I see this as much the same thing as the thought experiment that you propose.


Or listen to a podcast while driving… :laughing:


I think that attention is a bottle neck in the brain. The fundamental issue is that in order to make any decision, you need to think about the evidence. This entails making the cortex to think about the relevant things and not think about other irrelevant things.

As long as you don’t have to actually make any decisions, then you can multi-task quite well.

As evidence for multitasking, I present Gandalf Playing Bagpipes and Riding a Unicycle:

In this video Gandalf doesn’t make any decisions. He’s certainly practised all of the skills he displays and he’s probably planned out his song choices and his route in advance of when he needs to take action on them those decisions. If he got lost and needed to figure out where he was he would likely lose his place in the song; and if he was paying too much attention to his song then he might miss his turn and become lost; but as is he knows how to do all of the things without making decisions.
1 Like

This is a virtuoso demonstration of muscle memory. This really is not much in the way of attention going on when exercising a well-learned task. At this point the cerebellum takes over.
It is also well known that if you try to think about the performance while doing it you screw it up.

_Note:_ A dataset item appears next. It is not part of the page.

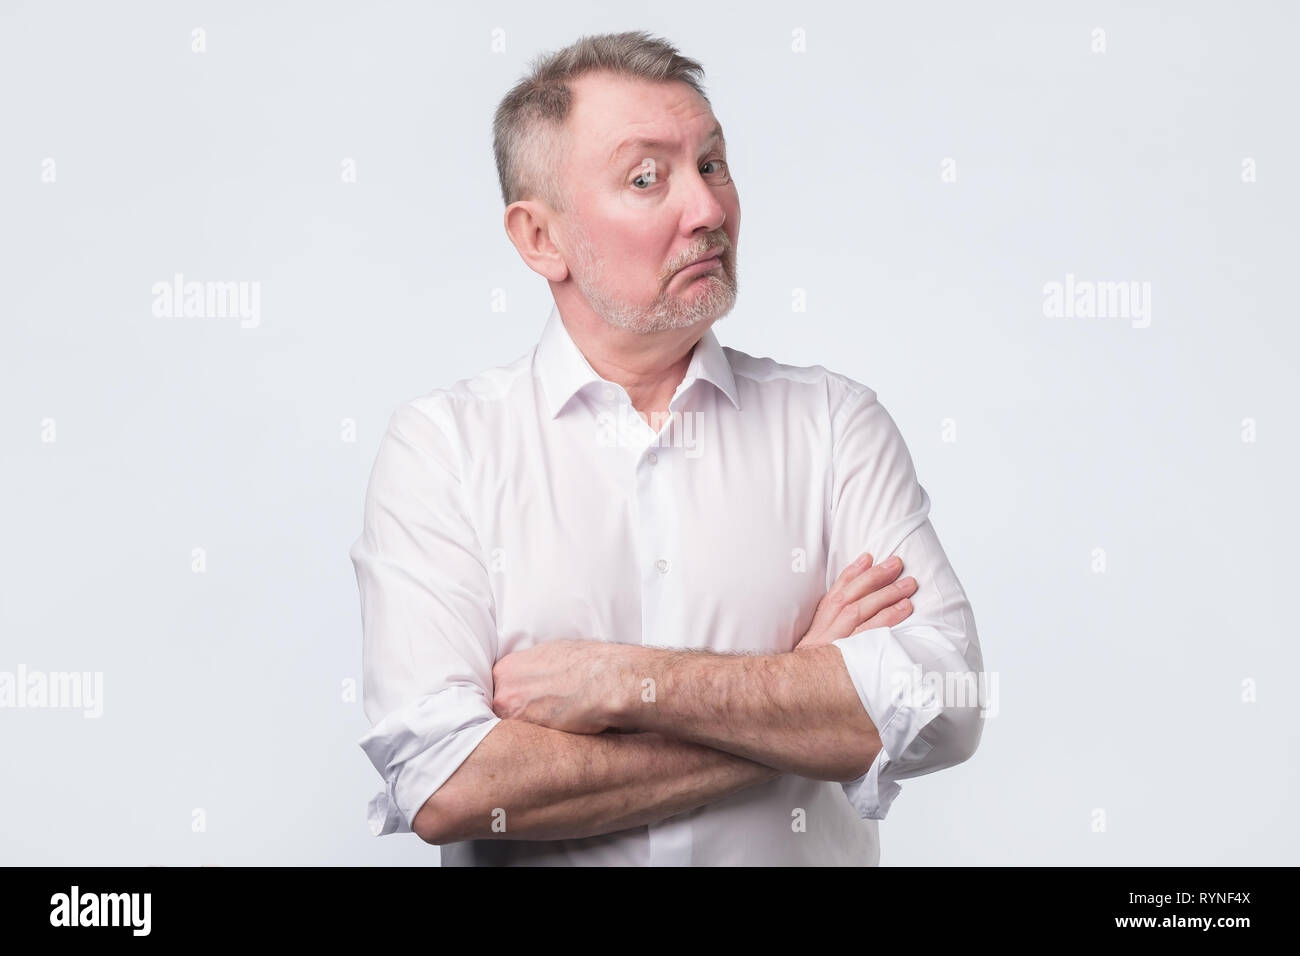 Doubtful senior man looking with disbelief expression. Stock Photo

A slightly simpler version is typing from text or sight-reading music. At some level of mastery your mind can wander as you work and your training takes over. At least my mind does.


Thanks, @dmac, that actually illustrates quite well what is confusing me about the theory presented in the podcast. This is a nice example of temporal unfolding in action. Most of what the unicycler is doing is going as predicted, allowing him comfortably shift his attention between the two tasks to deal with any minor surprises. As those shifts happen, the global position/direction context is also shifting on the fly.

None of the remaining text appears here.